Tjandra Yoga Aditama: WHO Terbitkan Informasi Cepat tentang Obat Pencegah TBC
- Penulis : Satrio Arismunandar
- Minggu, 18 Februari 2024 04:35 WIB
ORBITINDONESIA.COM - Organisasi Kesehatan Dunia atau WHO menerbitkan Rapid Communication atau informasi cepat tentang obat pencegah Tuberkulosis atau TBC, dalam upaya menekan laju kasus secara global.
Informasi itu disampaikan mantan Direktur Penyakit Menular WHO Asia Tenggara, Profesor Tjandra Yoga Aditama melalui pesan singkat di Jakarta, Minggu, 18 Februari 2024.
"Ini suatu aspek yang menarik, karena biasanya kita hanya bicara tentang mengobati yang sudah jatuh sakit, tetapi kembali ditegaskan bahwa ada obat untuk mencegah Tuberkulosis," kata Tjandra Yoga Aditama tentang langkah WHO.
Baca Juga: Ganjar Live TikTok, Tanya Kesehatan Mental Kepada Anak Muda
Tjandra yang juga Guru Besar Pulmonologi dan Kedokteran Respirasi Fakultas Kedokteran Universitas Indonesia (FKUI) mengatakan, publikasi yang terbit pada 14 Februari 2024 itu mencantumkan lima hal terkait obat pencegah TBC.
Pertama, sekitar seperempat penduduk dunia sudah pernah terinfeksi kuman TBC, namun mereka belum tentu akan jatuh sakit, baik karena fenomena bakteri TBC yang bersifat dorman atau karena daya tahan tubuh yang lebih kuat.
"Berbagai penelitian menunjukkan bahwa sekitar 5--10 persen dari masyarakat yang terinfeksi TBC dapat jatuh sakit, dan utamanya penyakit akan muncul pada dua sampai lima tahun sesudah infeksi awal," katanya.
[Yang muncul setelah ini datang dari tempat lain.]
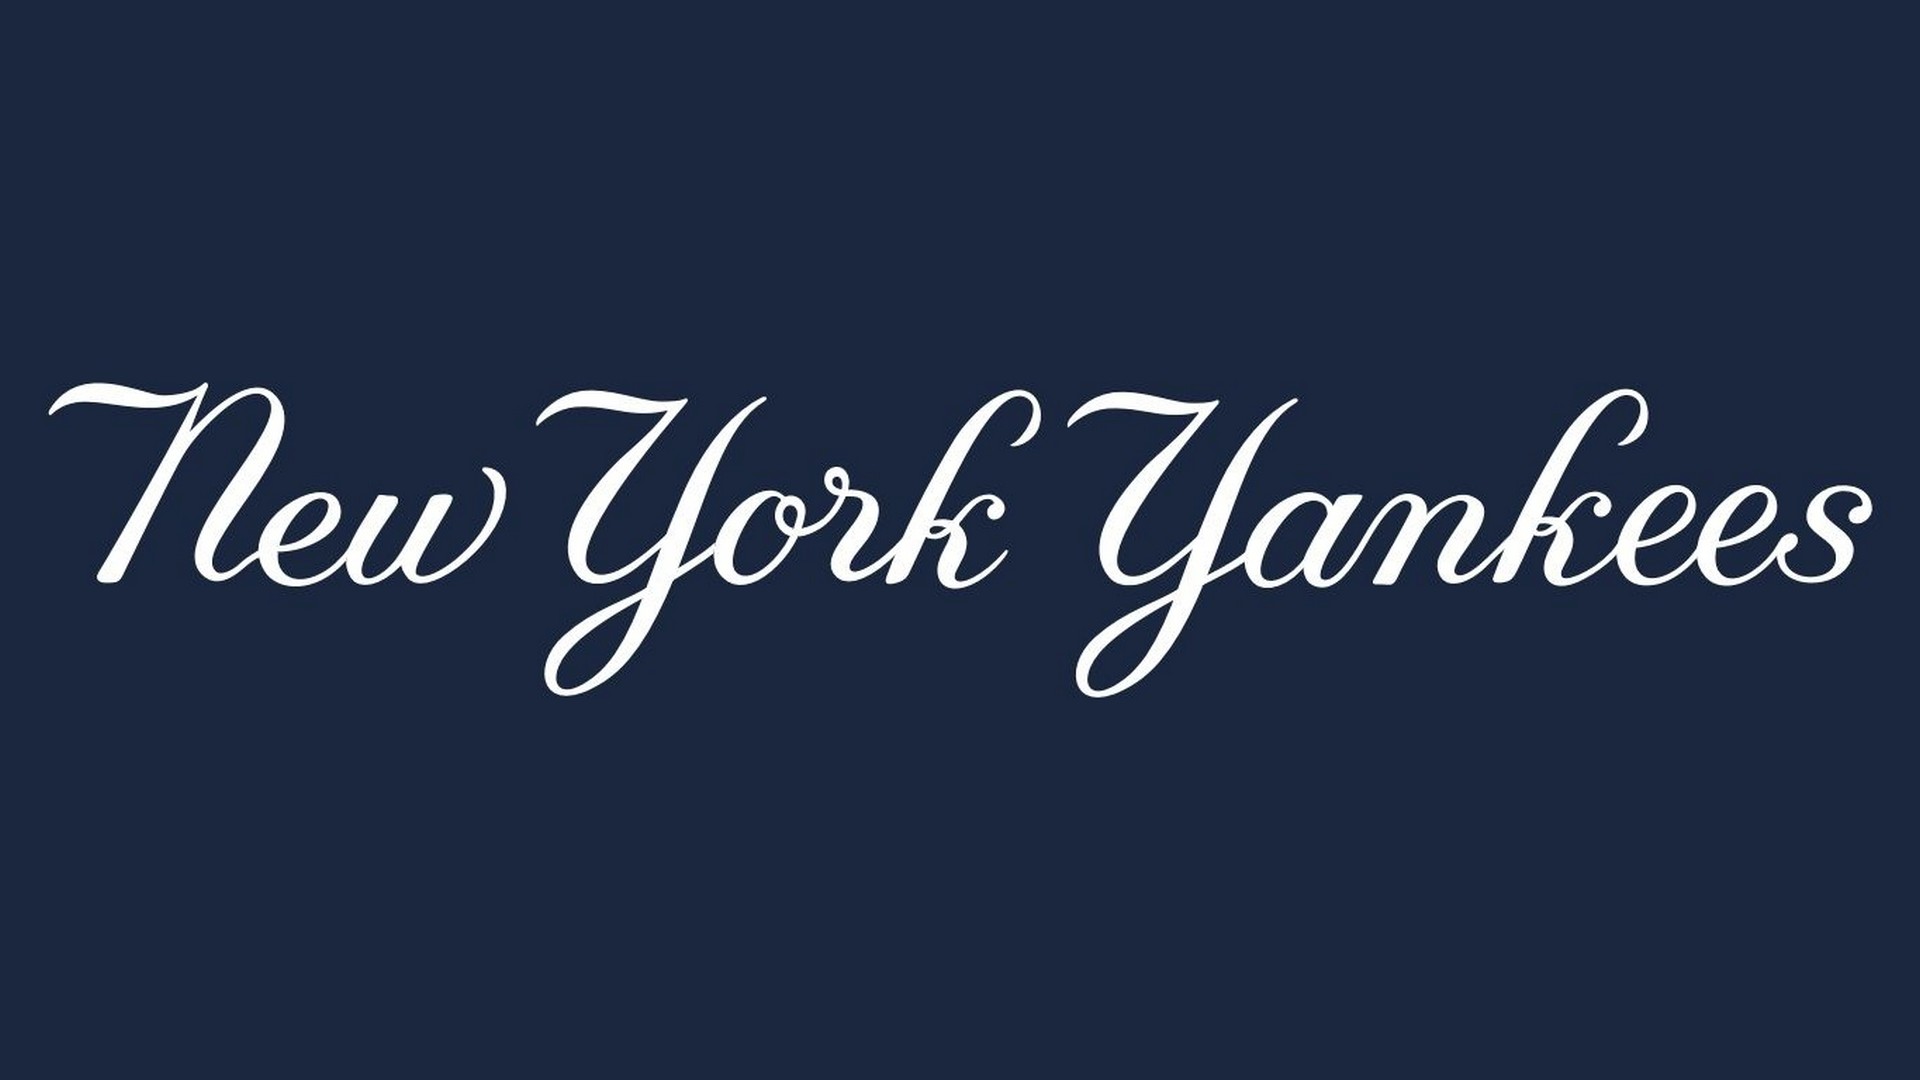 Wallpaper Desktop New York Yankees HD with high-resolution 1920x1080 pixel. You can use this wallpaper for Mac Desktop Wallpaper, Laptop Screensavers, Android Wallpapers, Tablet or iPhone Home Screen and another mobile phone device

Baca Juga: Harus Waspada, Jerawat dan Bercak Merah Melebar Gara-gara Terpapar Produk Kesehatan Ilegal
Kedua, kata Tjandra, WHO secara jelas menyebutkan bukti ilmiah menunjukkan bahwa obat pencegah TBC (TB preventive treatment/TPT) pada mereka yang risiko tinggi akan secara progresif menurunkan risiko untuk penyakit TBC.
"Pada September 2023 di pertemuan dunia UN High Level Meeting on Tuberculosis disepakati komitmen untuk meningkatkan pengobatan pencegatan TBC sampai ke 45 juta orang. Indonesia harus jadi bagian dari pencapaian angka dunia ini, sementara cakupan kita saat ini masihlah rendah," katanya.
Hal ketiga dalam publikasi itu disebutkan bahwa WHO merekomendasikan penggunaan obat levofloxacin selama 6 bulan, khusus untuk pengobatan pencegahan TBC untuk mereka yang kontak dengan pasien TBC dengan resistensi berganda atau resistensi rifampisin (MDR/RR-TB).
"Ini sejalan dengan hasil penelitian terbaru dari Afrika Selatan dan Vietnam. Tentu akan bagus kalau di masa datang hasil penelitian Indonesia juga akan dapat jadi acuan dunia juga," katanya.